_Data:_

==*==

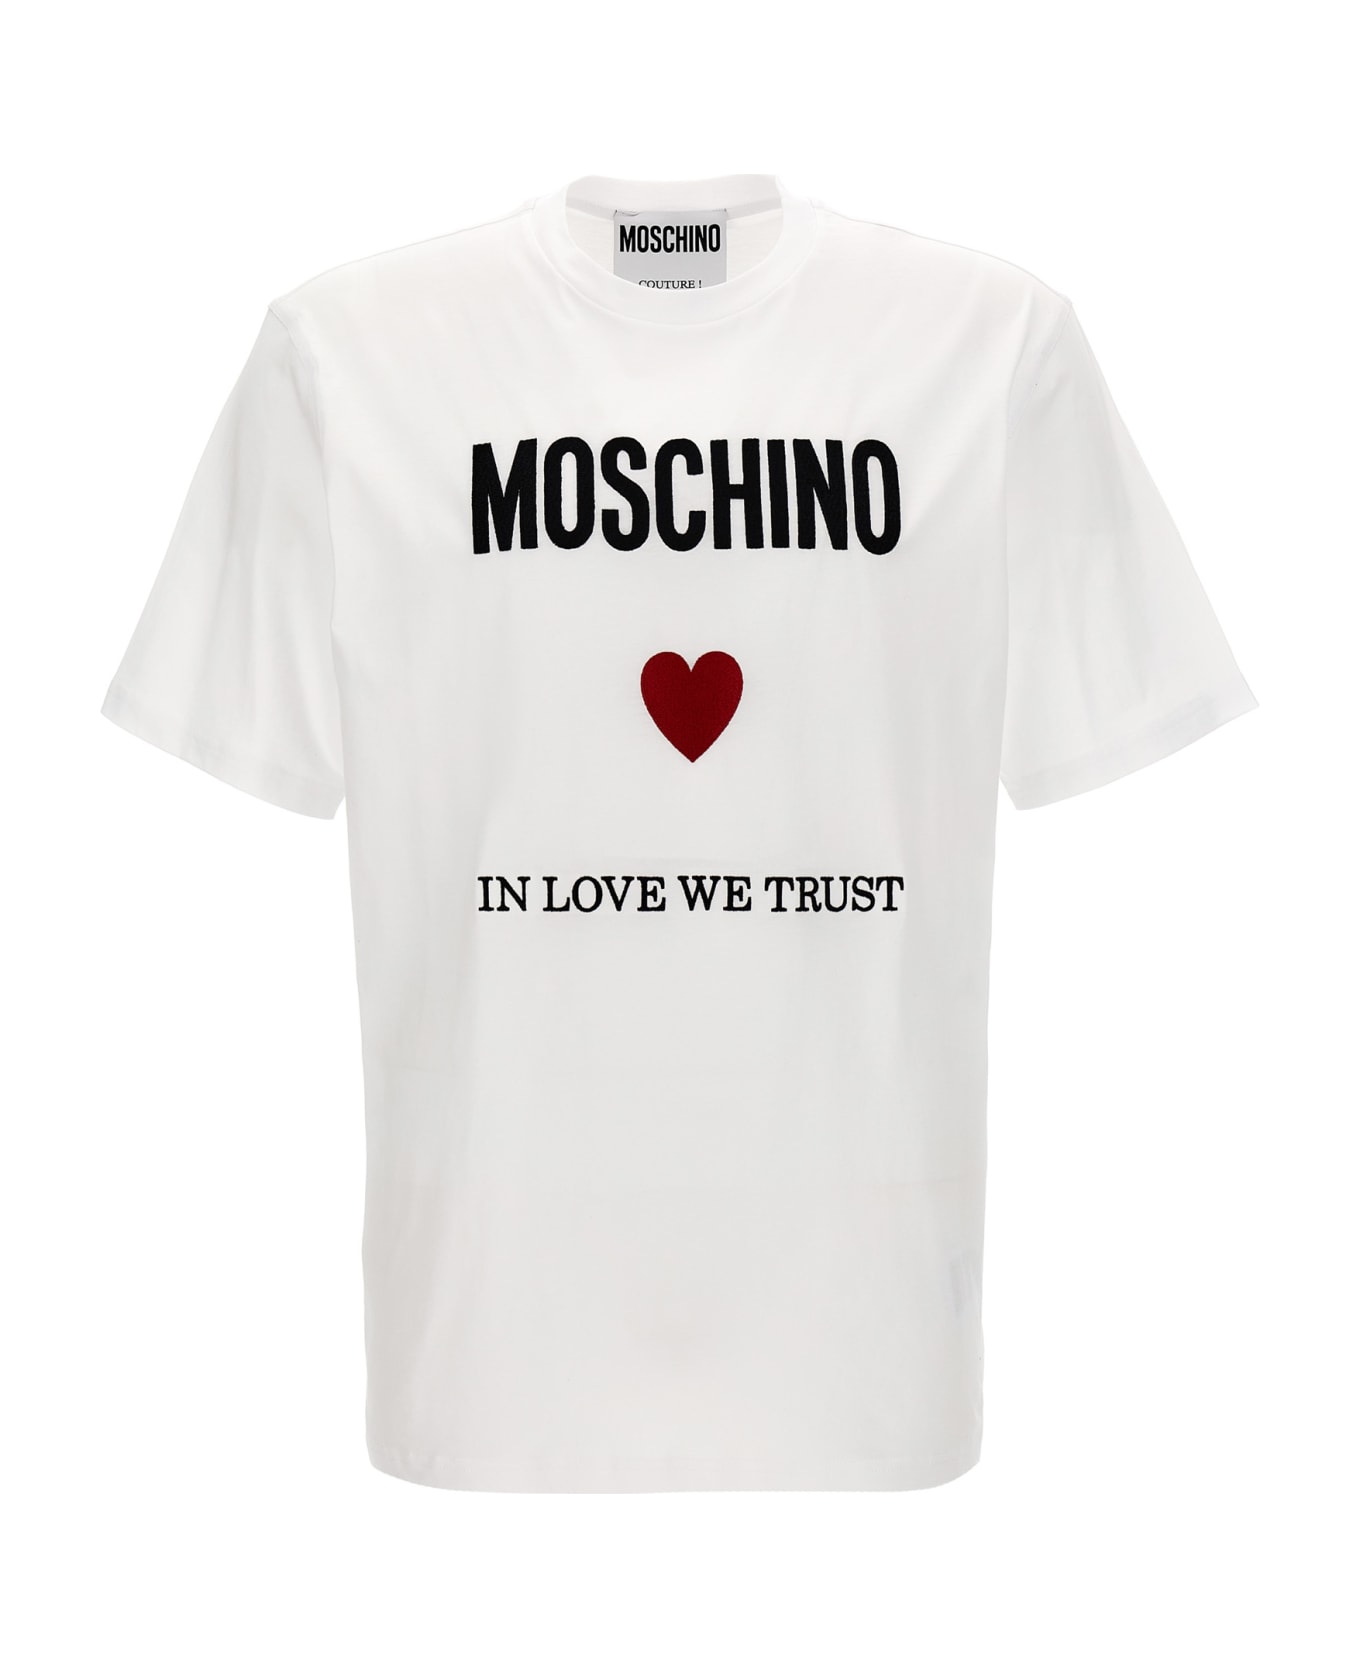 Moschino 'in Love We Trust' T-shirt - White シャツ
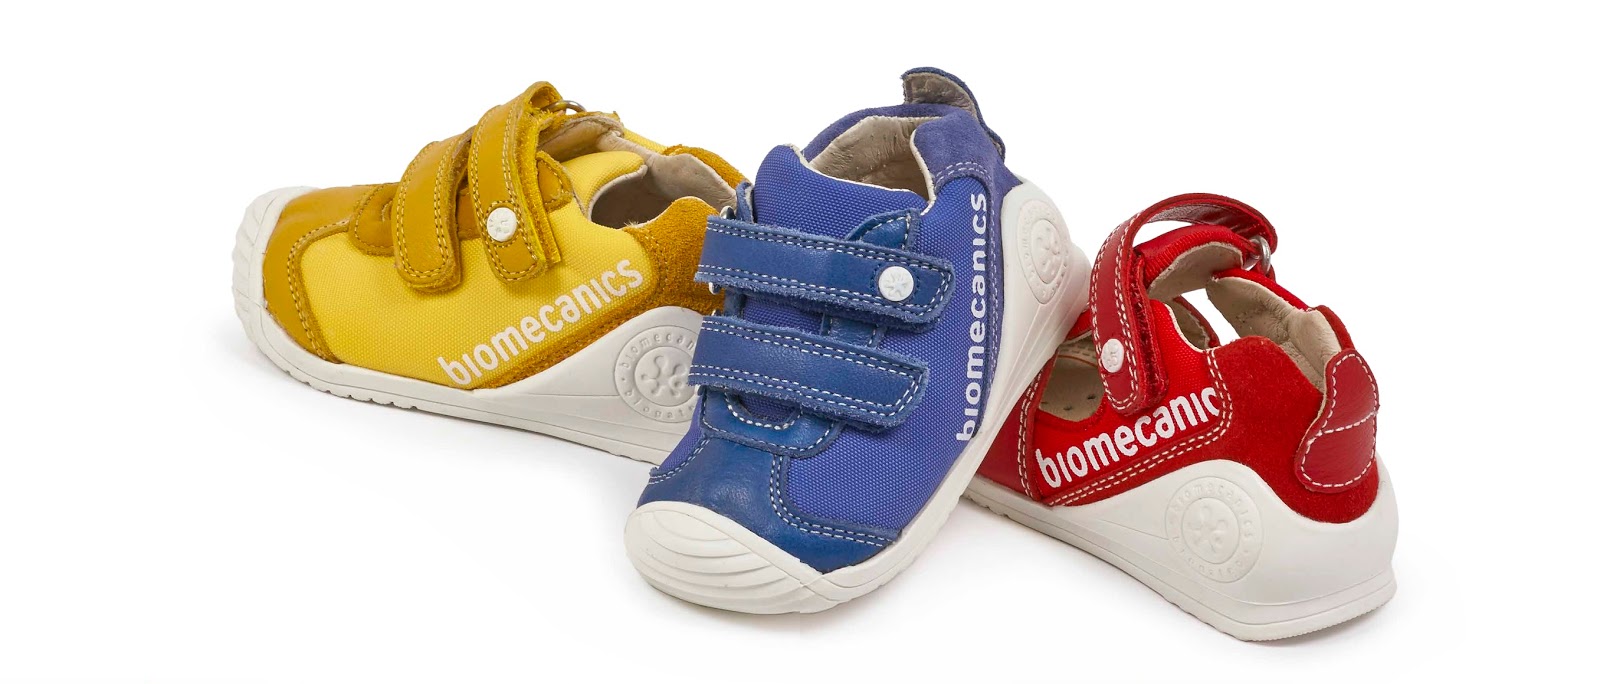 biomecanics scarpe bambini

==*==

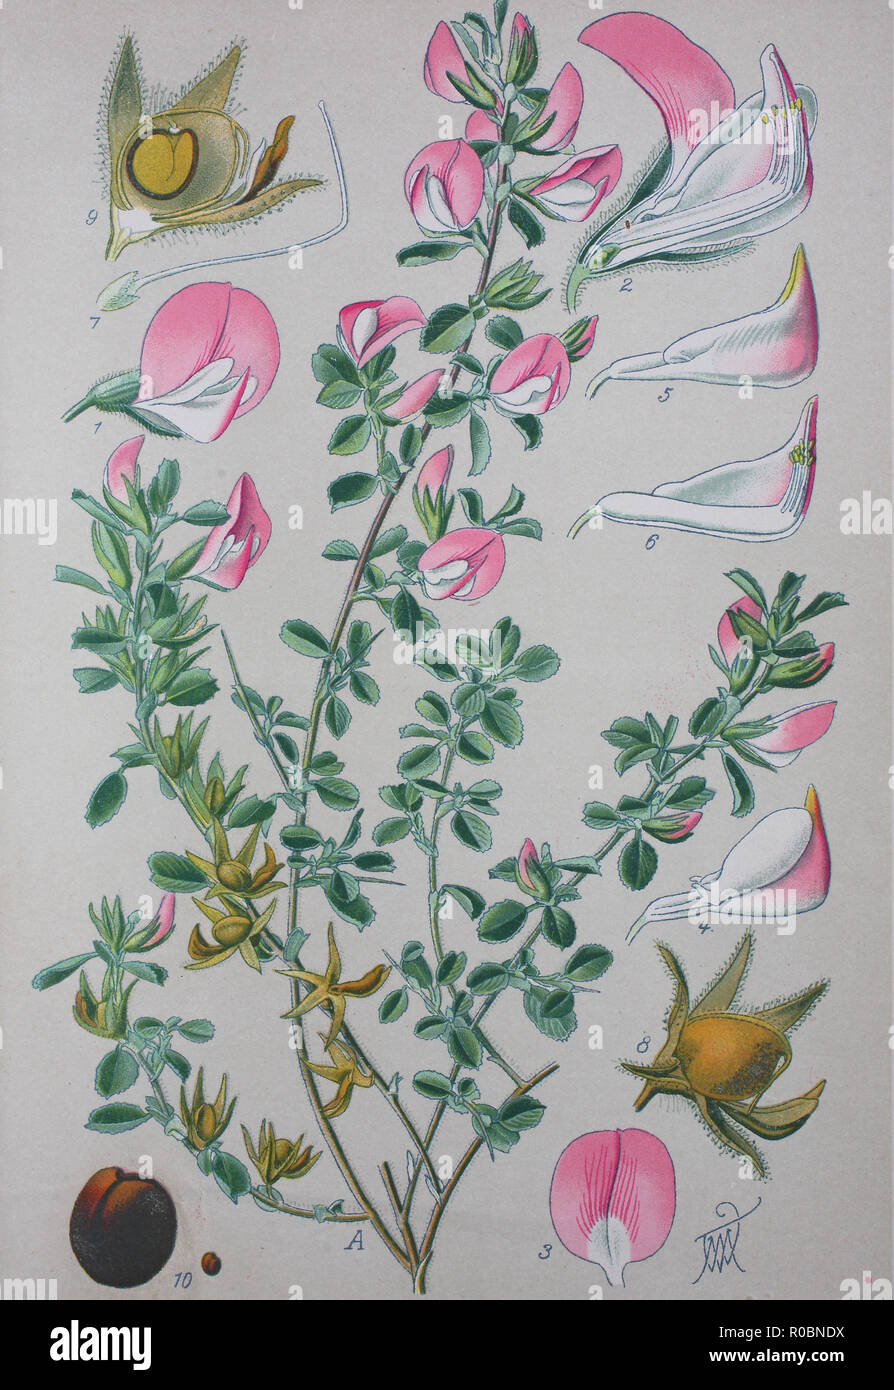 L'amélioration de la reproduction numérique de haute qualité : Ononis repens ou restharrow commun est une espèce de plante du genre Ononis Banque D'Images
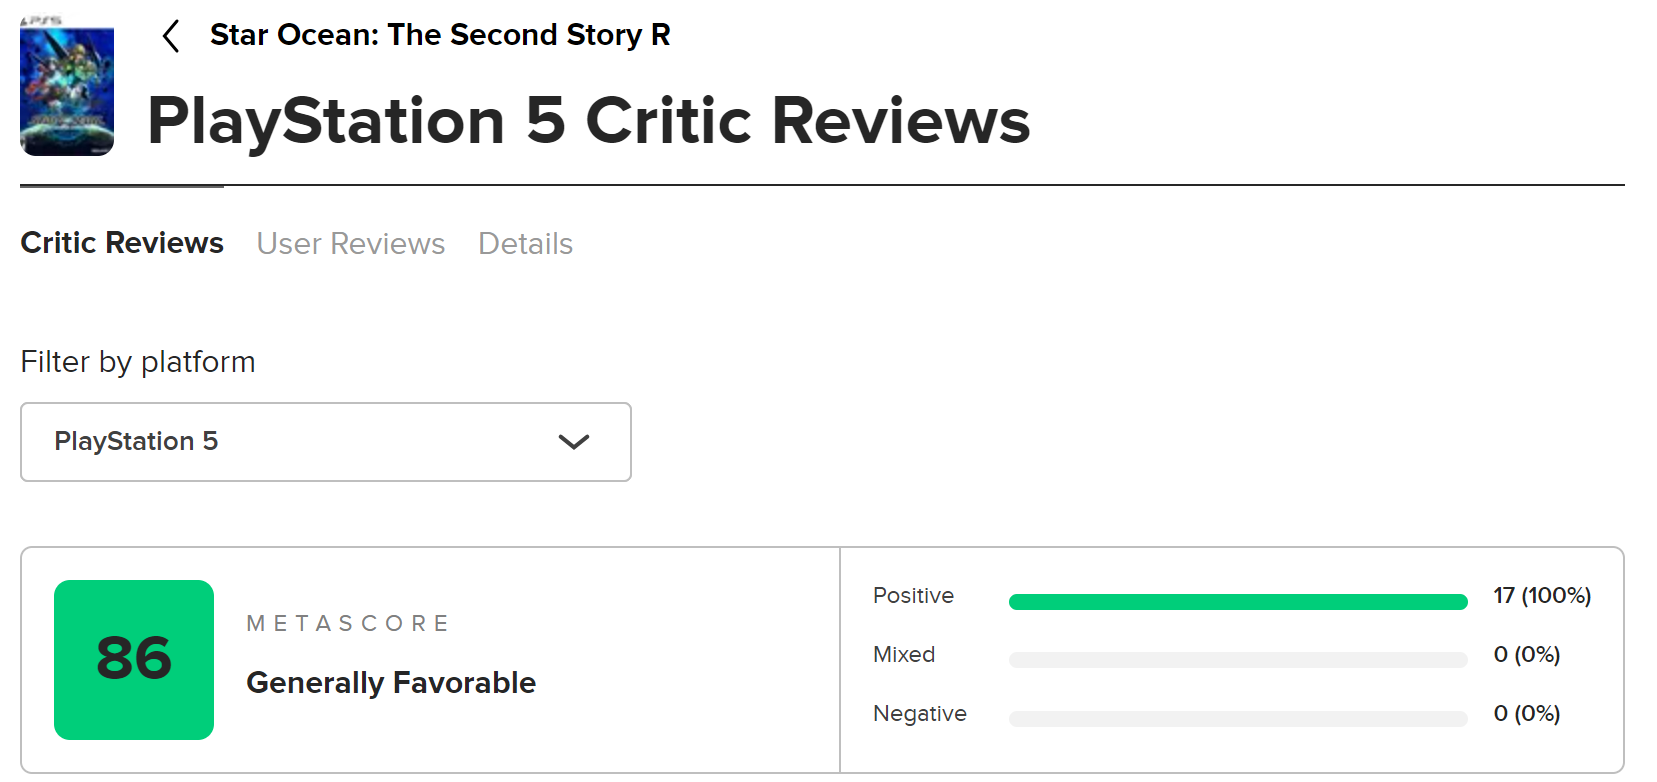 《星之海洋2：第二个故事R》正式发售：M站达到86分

==*==

_Your task:_
Within the listing above, the lines from the one with "Moschino 'in Love" through the one with "biomecanics scarpe bambini" are to be given again word for word. Do not include pictures.

_Exercise result:_
 Moschino 'in Love We Trust' T-shirt - White シャツ
 biomecanics scarpe bambini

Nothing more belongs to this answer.